I live in Belgium, a country where 3 million people are paying for 8 million others. Those 8 million include kids, people without a job and people in retirement or who got sick. And we should help them. But it also includes 1.3 million government employees (hundreds of thousands more than The Netherlands where they got 6 million more citizens), people who aren't really sick, people who aren't willing to work, people who retired at an age way below the average European retirement age.

So they want the system to continue even though it's unsustainable. When asked, they aren't going to vote against a system they are taking advantage of.

2 comments

This is the fundamental problem with communist/socialist style systems where the government is supposed to take care of everyone: Productive work is no longer incentivized enough to support the society, and rollback is politically impossible, so they keep right on following an unsustainable course until there's a complete collapse.

Unfortunately, people who are in favor of things like universal healthcare, minimum income, etc., fail to appreciate that good intentions don't always lead to good outcomes. (I'm speaking about typical HN readers who support these things who won't personally immediately be getting a piece of the pie.)

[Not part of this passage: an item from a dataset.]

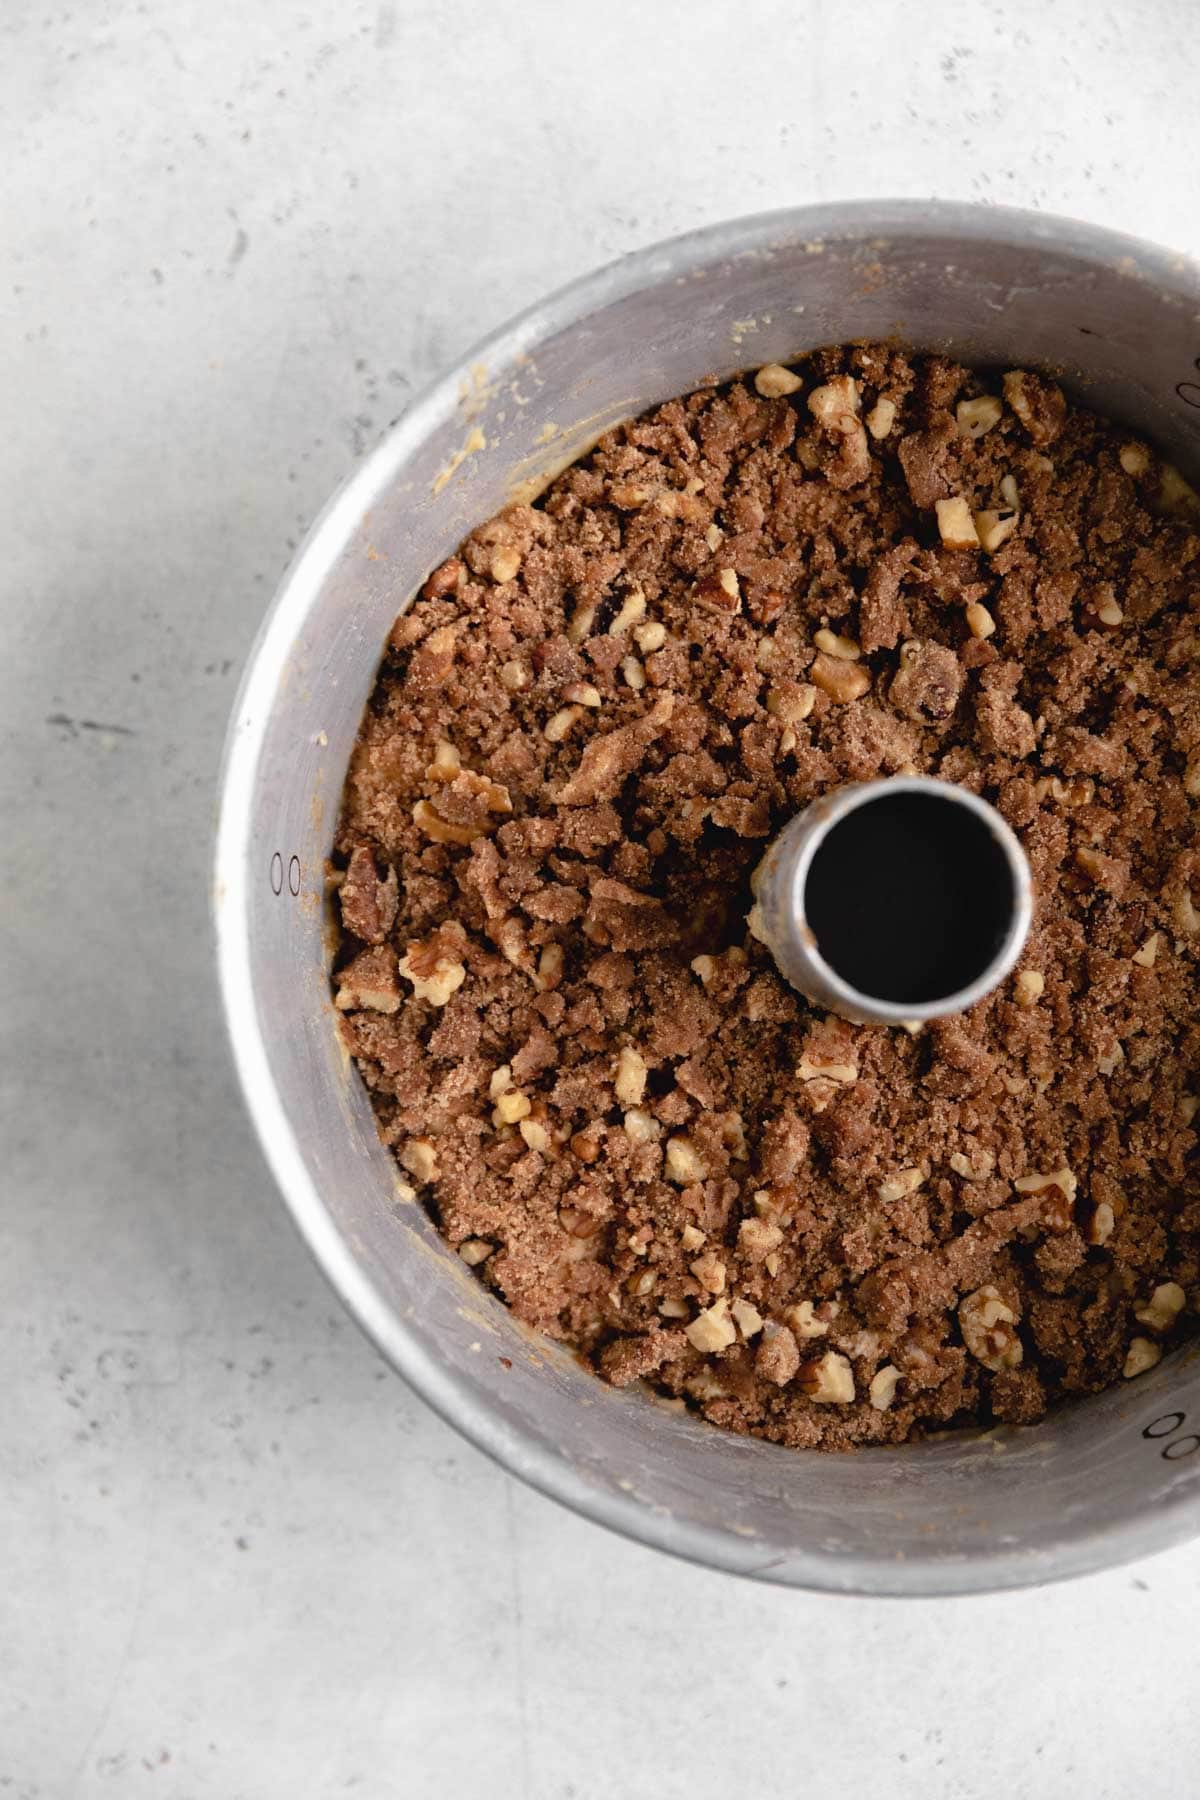 unbaked coffee cake with streusel topping

As you say, the fact that people will vote for things that are in their self-interest at the expense of the society as a whole is a problem with democracy. In the US this has traditionally been avoided by a strong sense of patriotism / nationalism and an ideology of individual responsibility, but these barriers are eroding with cultural changes, increases in minorities with different values, a dysfunctional education system, and various economic disruptions.

To simplify: When 51% of the people discover that they can vote themselves the wealth of the other 49%, they will.